Please print exactly the lines from the line containing "Paraguay: Recorrida por" through the end of the data, no more, and keep pictures out of the copy.
(Beginning of COLLECTED MATERIAL)
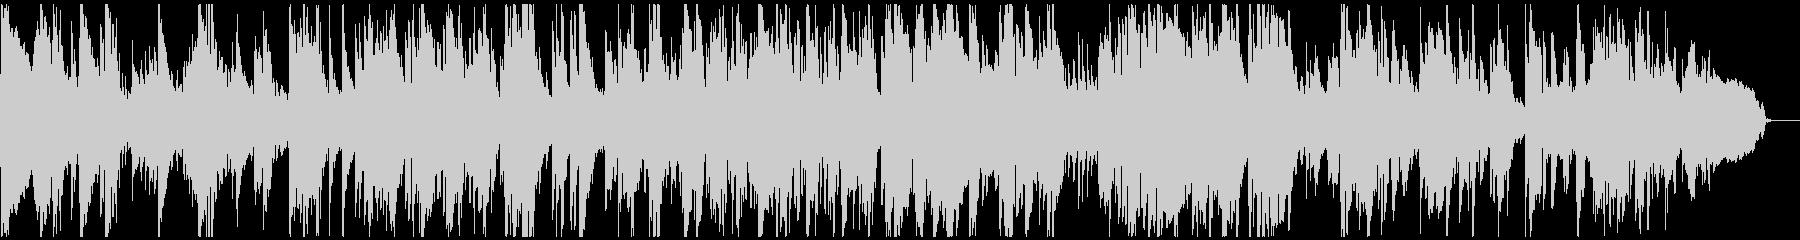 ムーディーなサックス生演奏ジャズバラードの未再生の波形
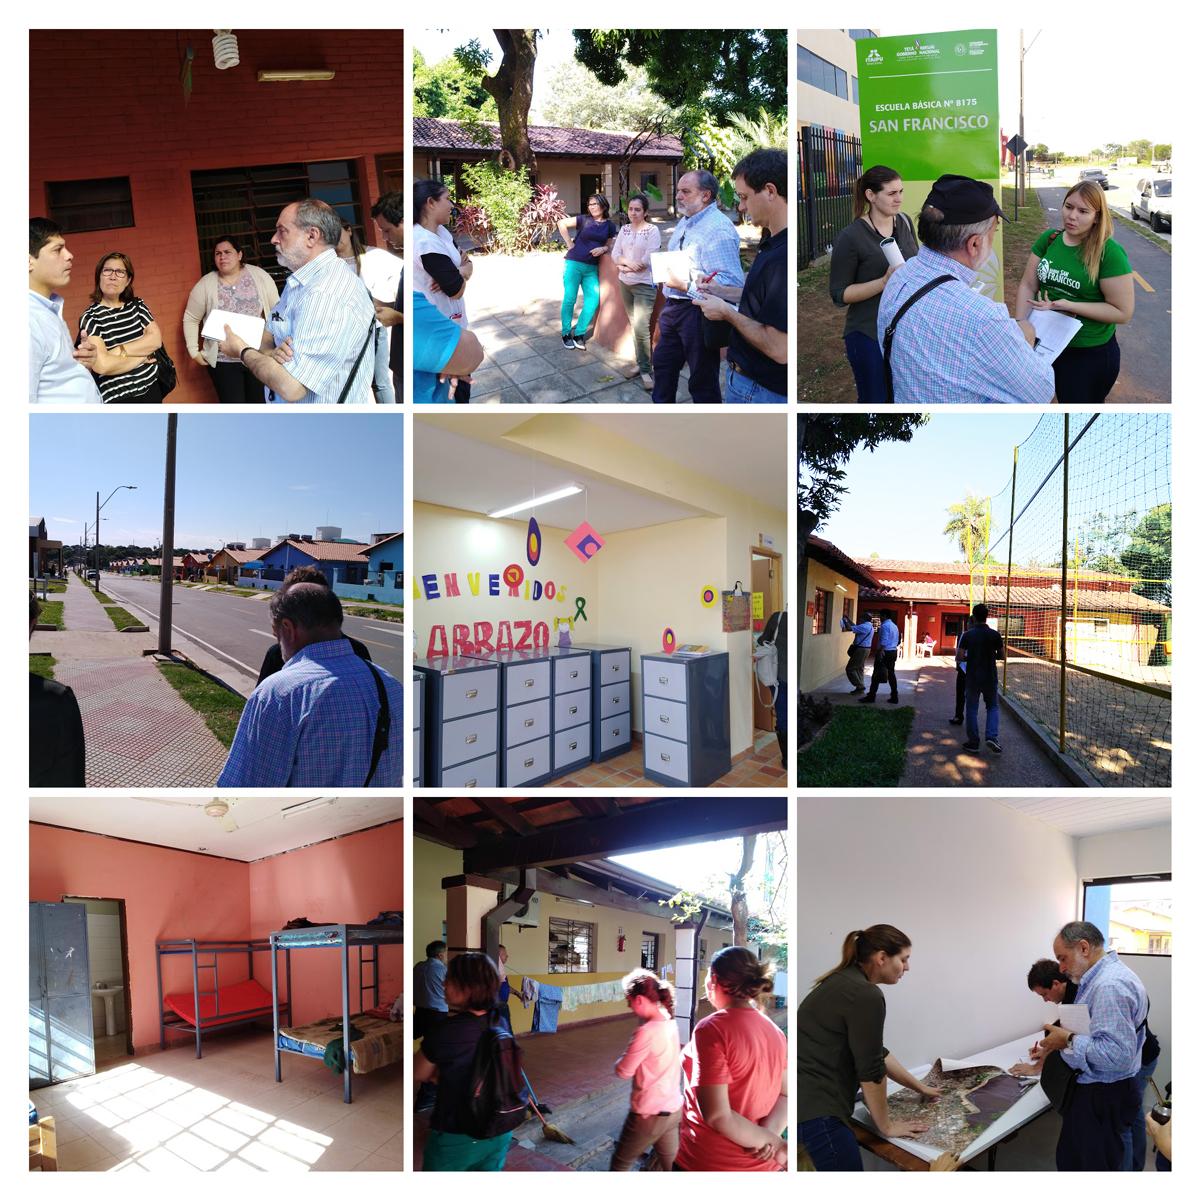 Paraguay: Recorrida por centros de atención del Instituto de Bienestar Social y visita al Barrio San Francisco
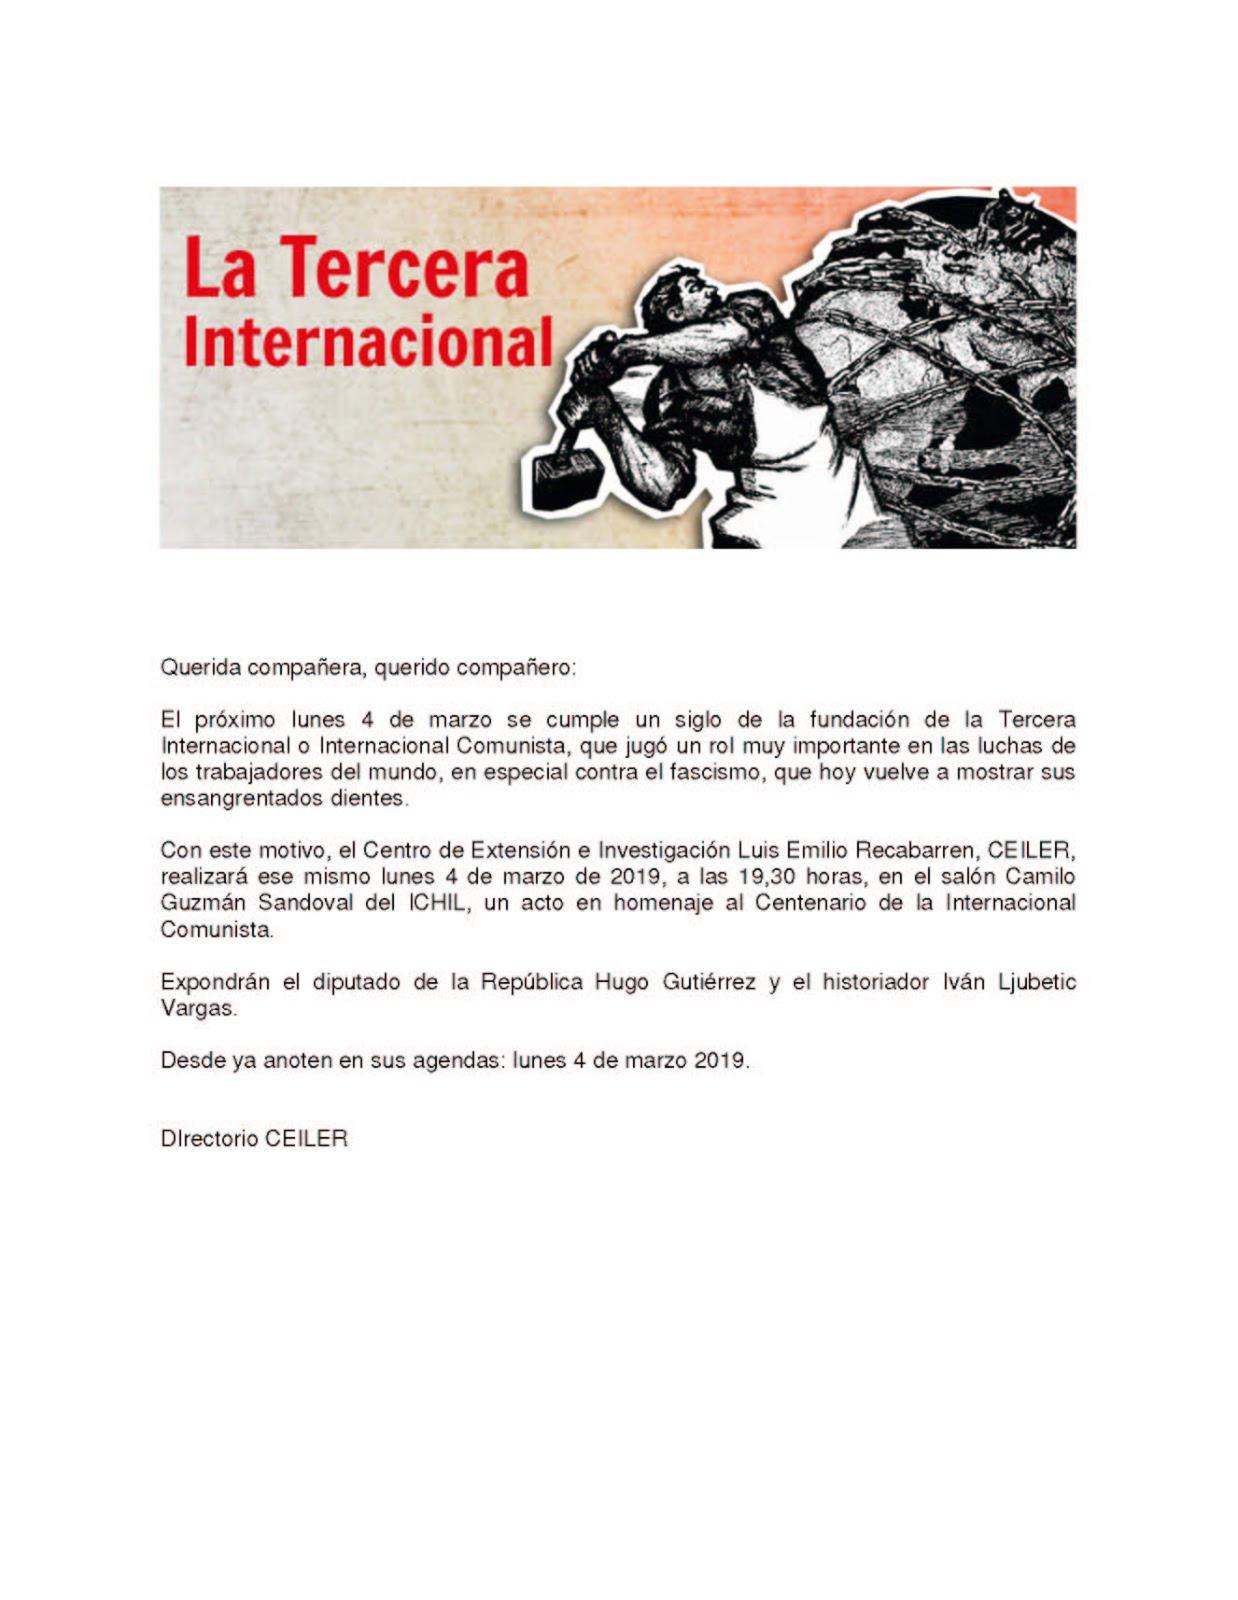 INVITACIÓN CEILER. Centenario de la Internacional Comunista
(End of COLLECTED MATERIAL)
TASK RESPONSE —
 Paraguay: Recorrida por centros de atención del Instituto de Bienestar Social y visita al Barrio San Francisco
 INVITACIÓN CEILER. Centenario de la Internacional Comunista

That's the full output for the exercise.